• **Task directions**
Please output the data exactly, minus pictures.

• **Supplied information**
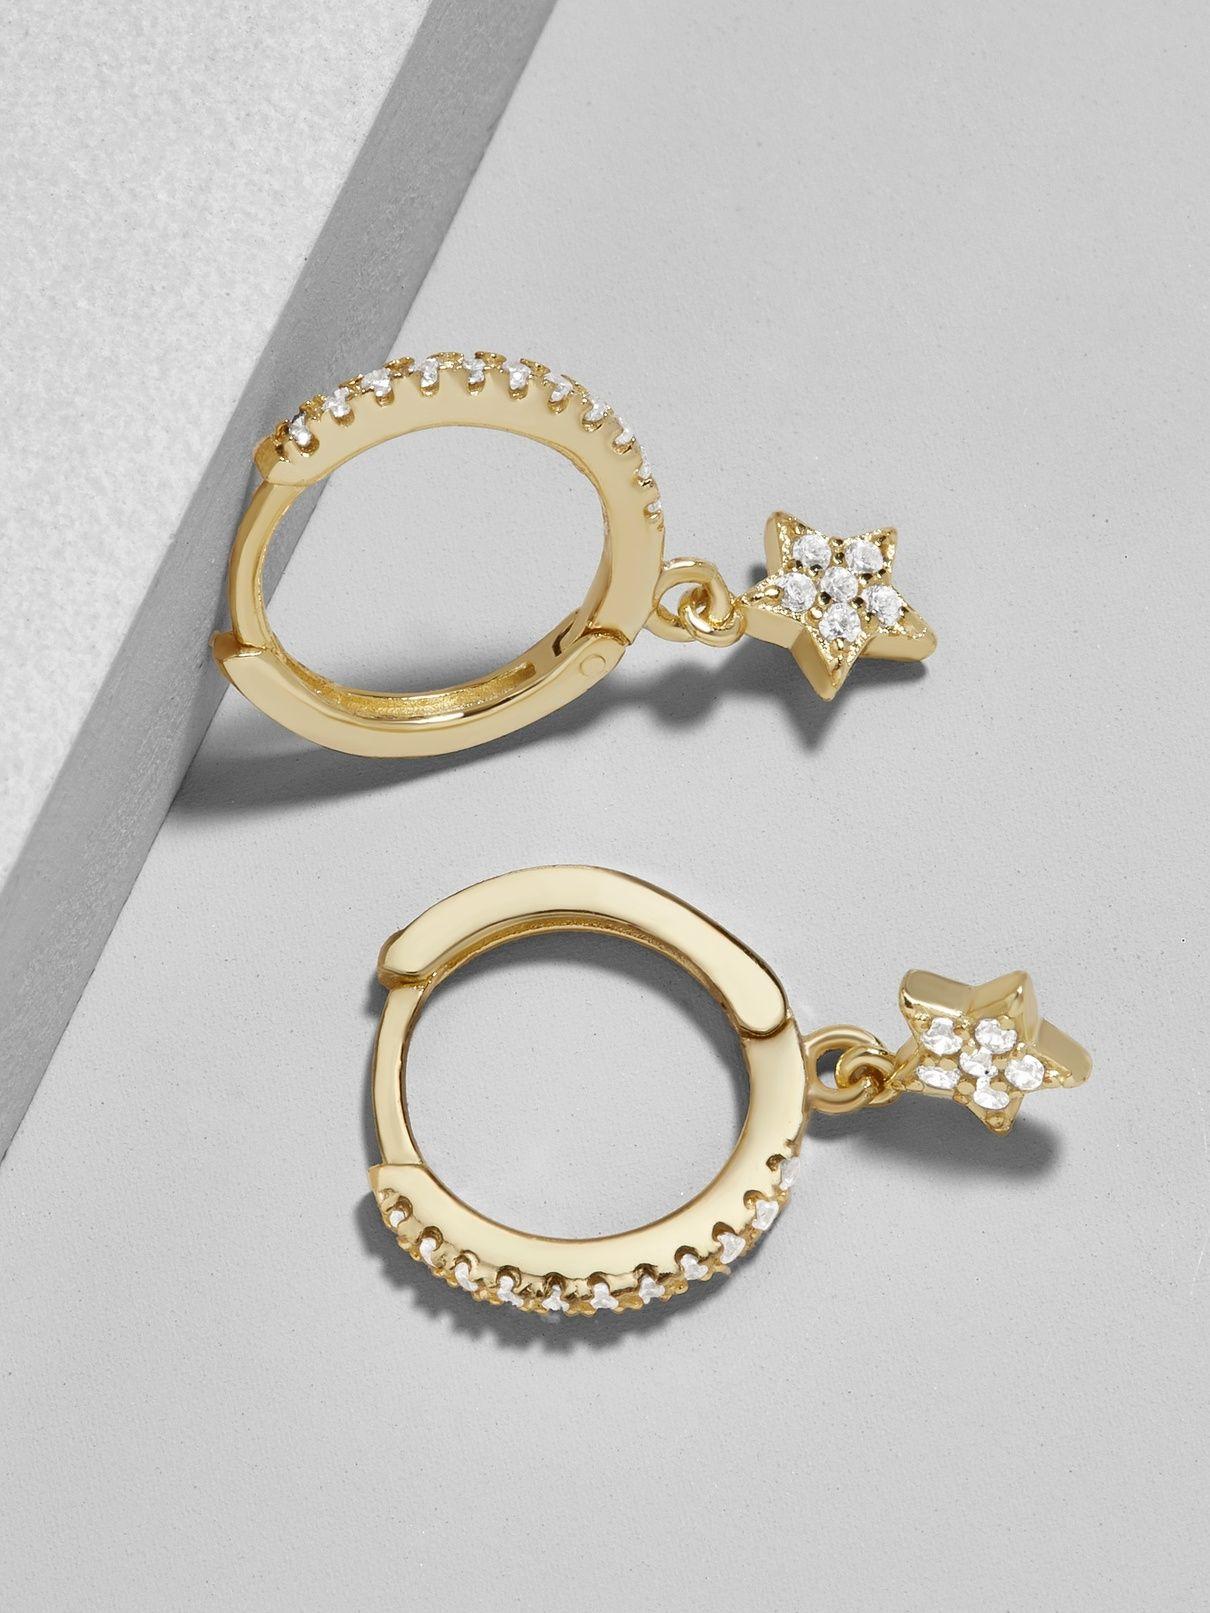 351a9c2fb Stella 18K Gold Plated Huggie Hoop Earrings | Things I want as gifts ...
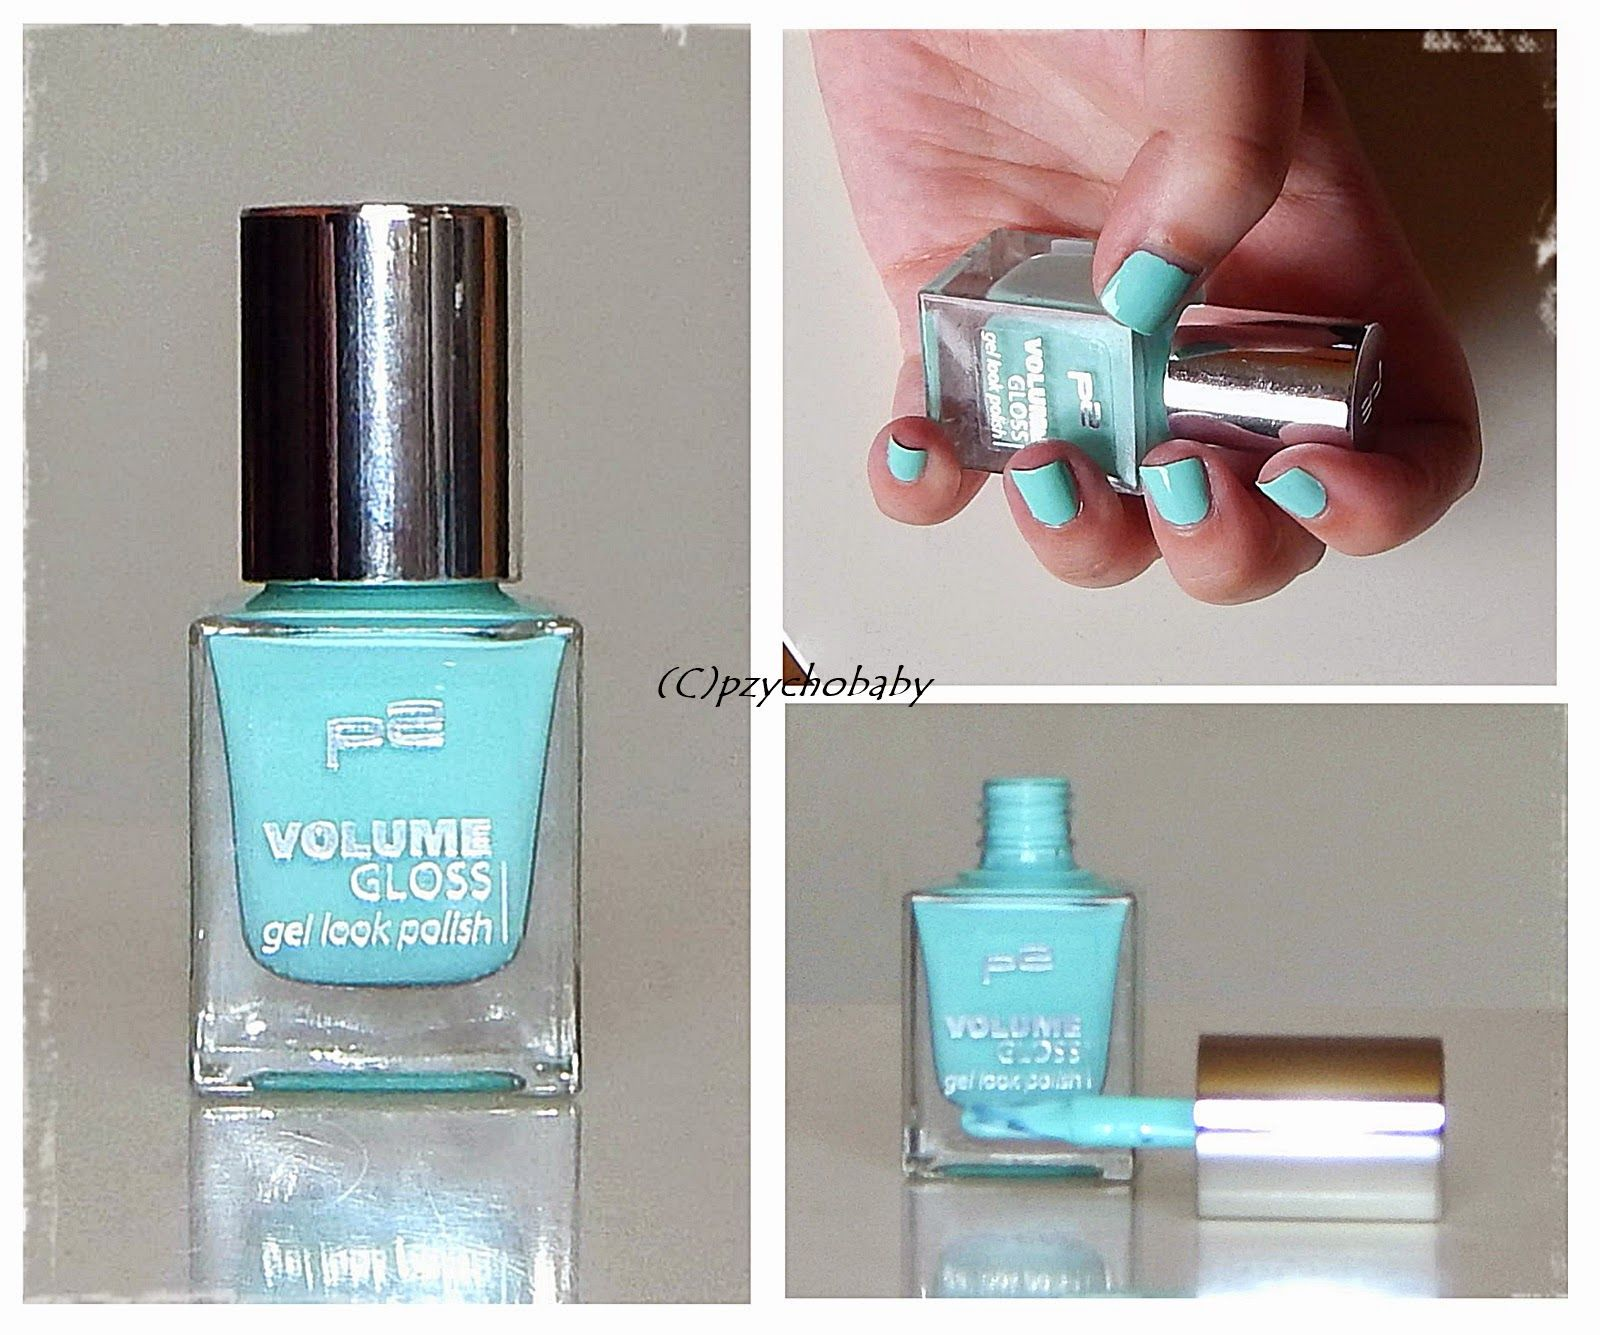 p2 VOLUME GLOSS gel look polish - 031 minty mademoiselle   Munich ...
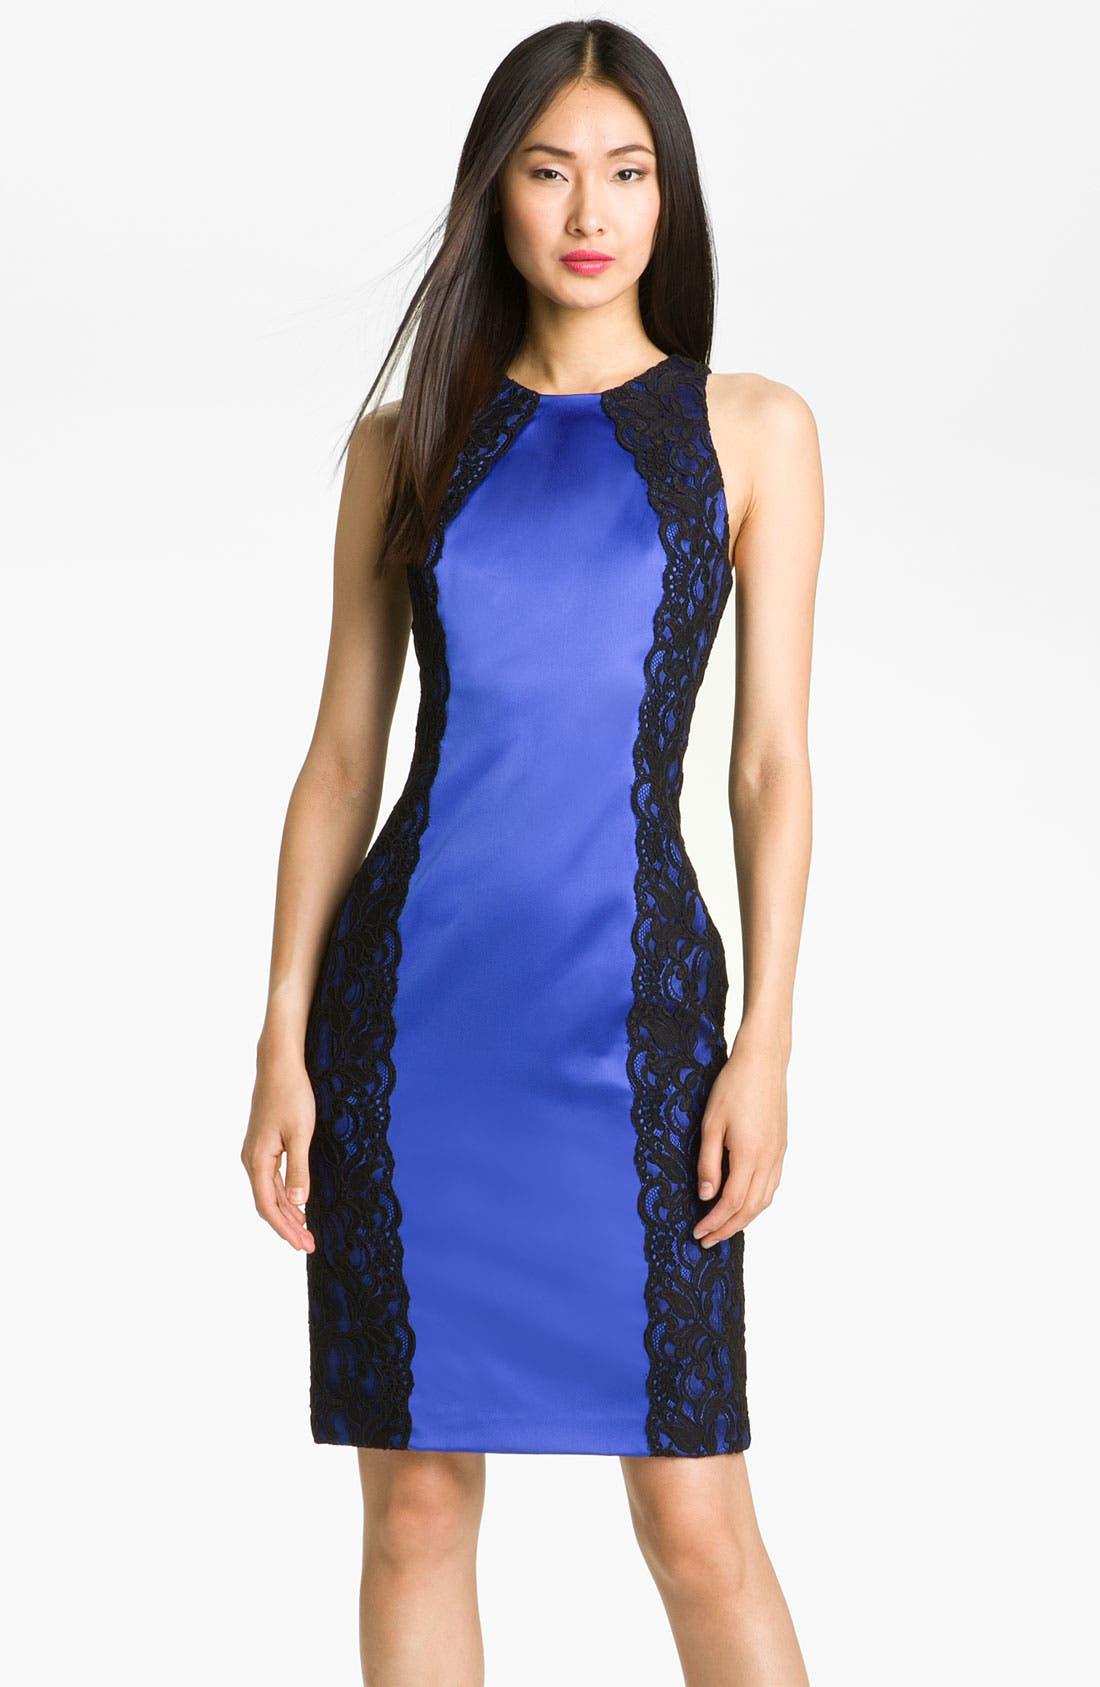 Alternate Image 1 Selected - David Meister Lace & Satin Sheath Dress

• **Solution to the exercise**
 351a9c2fb Stella 18K Gold Plated Huggie Hoop Earrings | Things I want as gifts ...
 p2 VOLUME GLOSS gel look polish - 031 minty mademoiselle   Munich ...
 Alternate Image 1 Selected - David Meister Lace & Satin Sheath Dress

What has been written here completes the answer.